DATA SECTION
------------------------------------------------------------

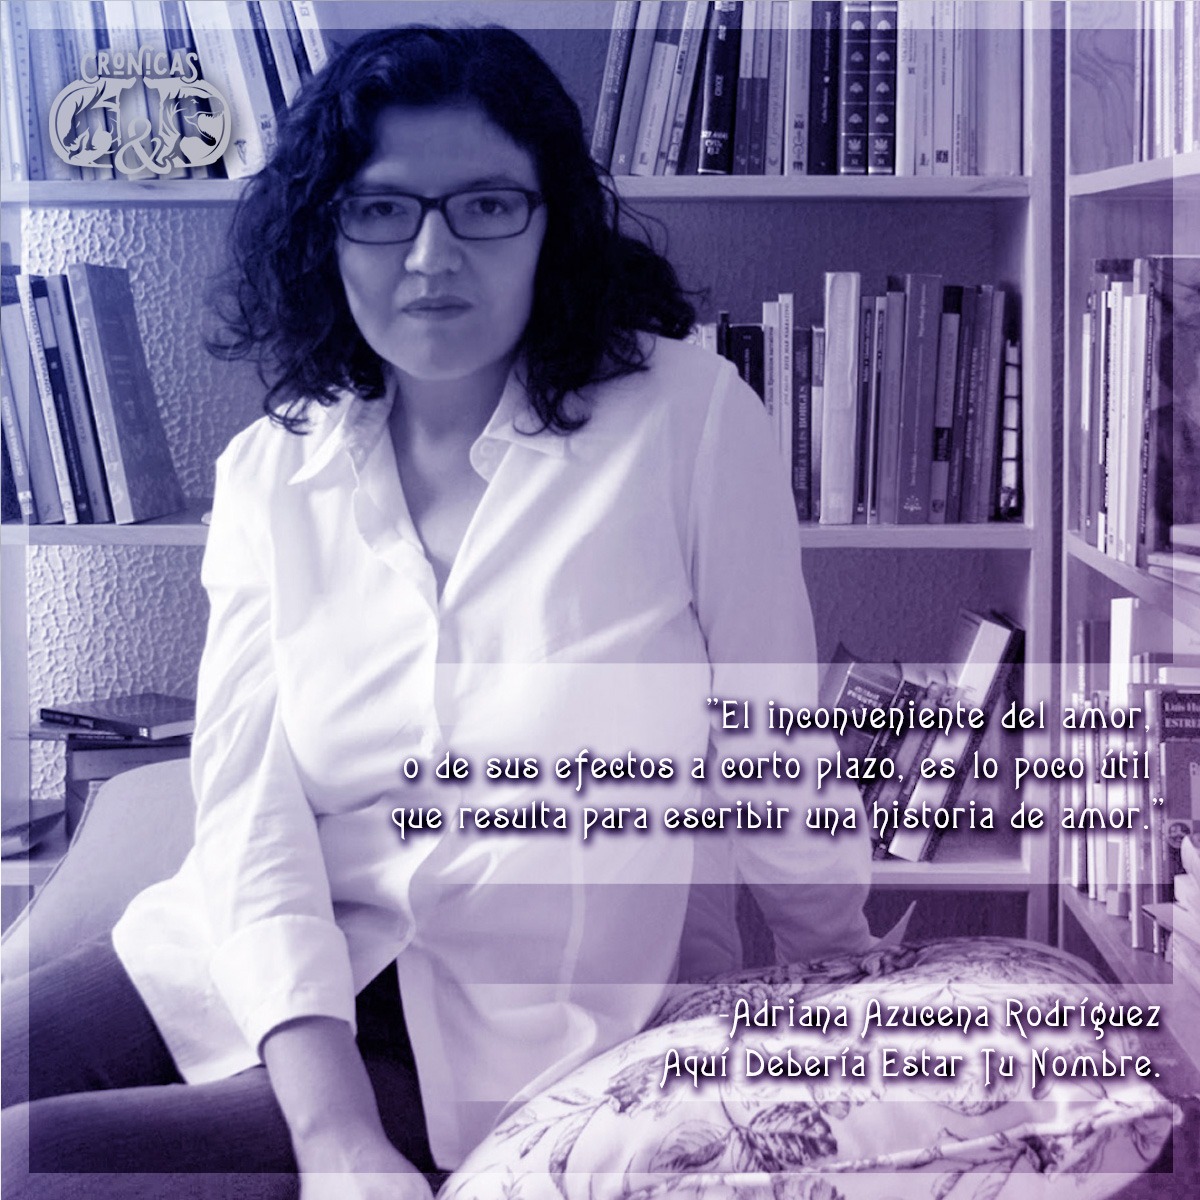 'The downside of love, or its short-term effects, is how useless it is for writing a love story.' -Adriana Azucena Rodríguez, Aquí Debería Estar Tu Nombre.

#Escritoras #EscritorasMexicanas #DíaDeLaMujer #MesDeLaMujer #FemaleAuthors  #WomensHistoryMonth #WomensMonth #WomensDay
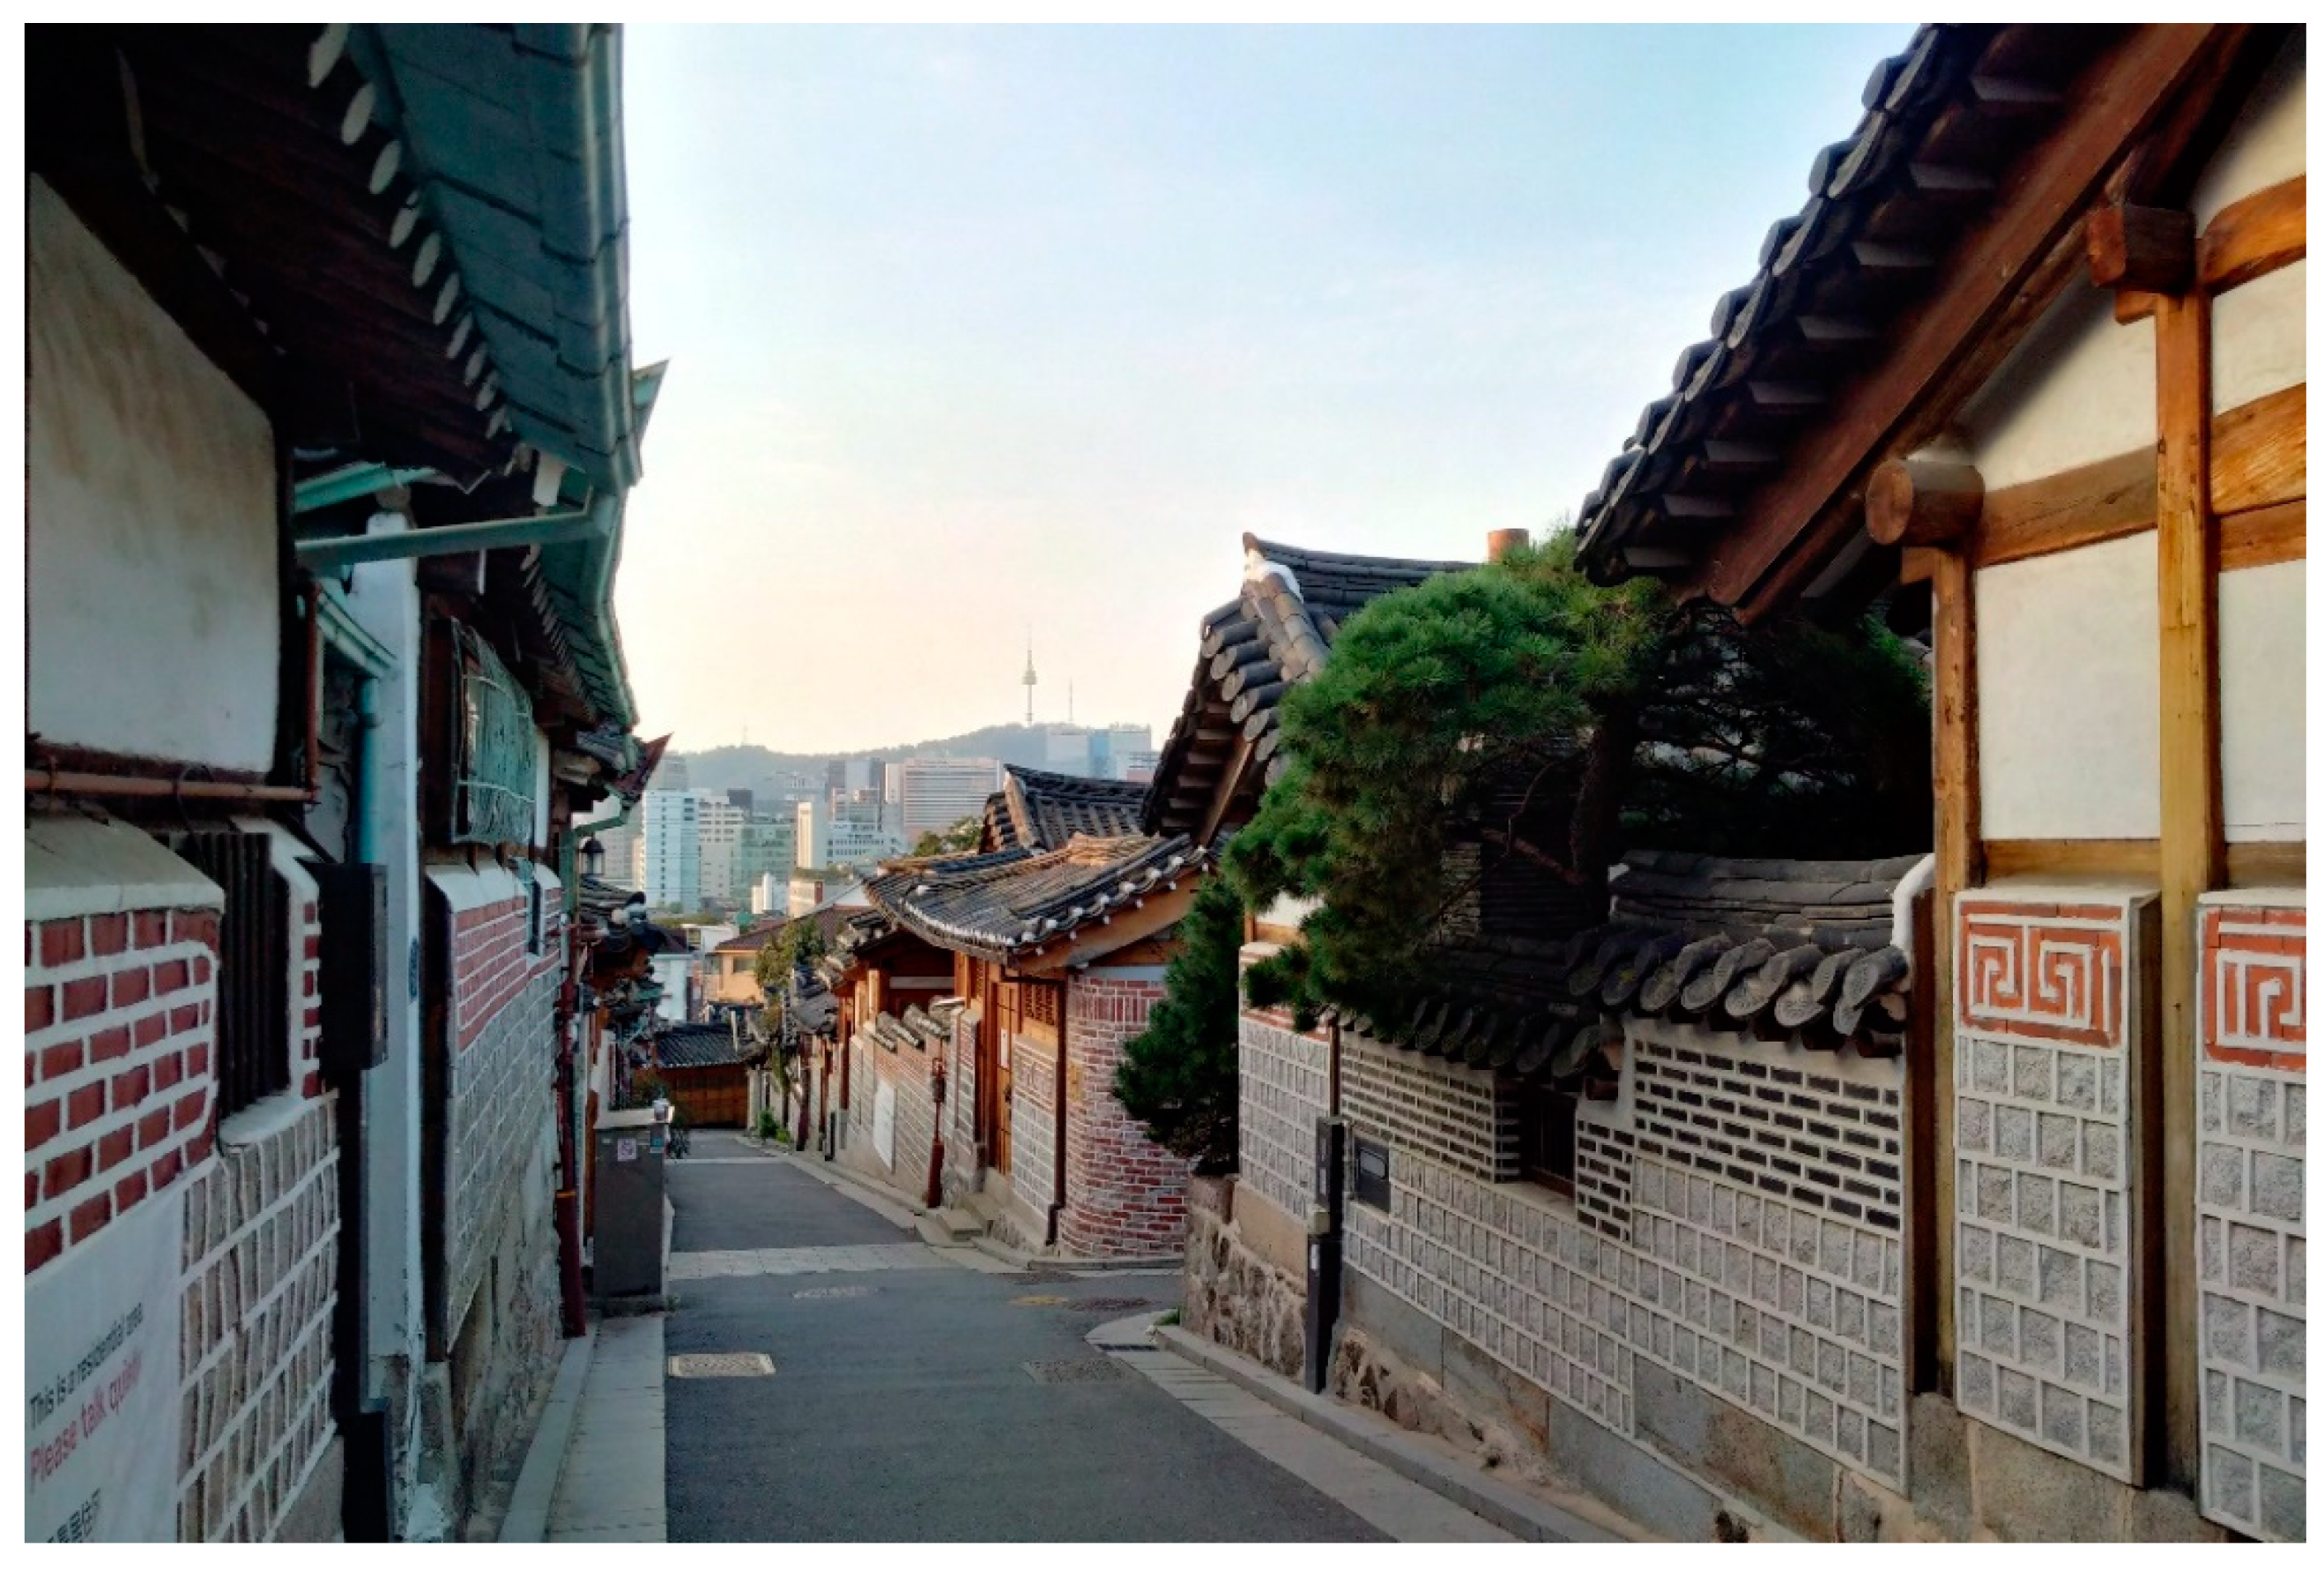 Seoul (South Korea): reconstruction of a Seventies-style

------------------------------------------------------------

EXERCISE BRIEF
Copy word for word each line of the data above, from the first through the one containing "#Escritoras #EscritorasMexicanas #DíaDeLaMujer", and include no pictures.

RESPONSE AREA
 'The downside of love, or its short-term effects, is how useless it is for writing a love story.' -Adriana Azucena Rodríguez, Aquí Debería Estar Tu Nombre.

#Escritoras #EscritorasMexicanas #DíaDeLaMujer #MesDeLaMujer #FemaleAuthors  #WomensHistoryMonth #WomensMonth #WomensDay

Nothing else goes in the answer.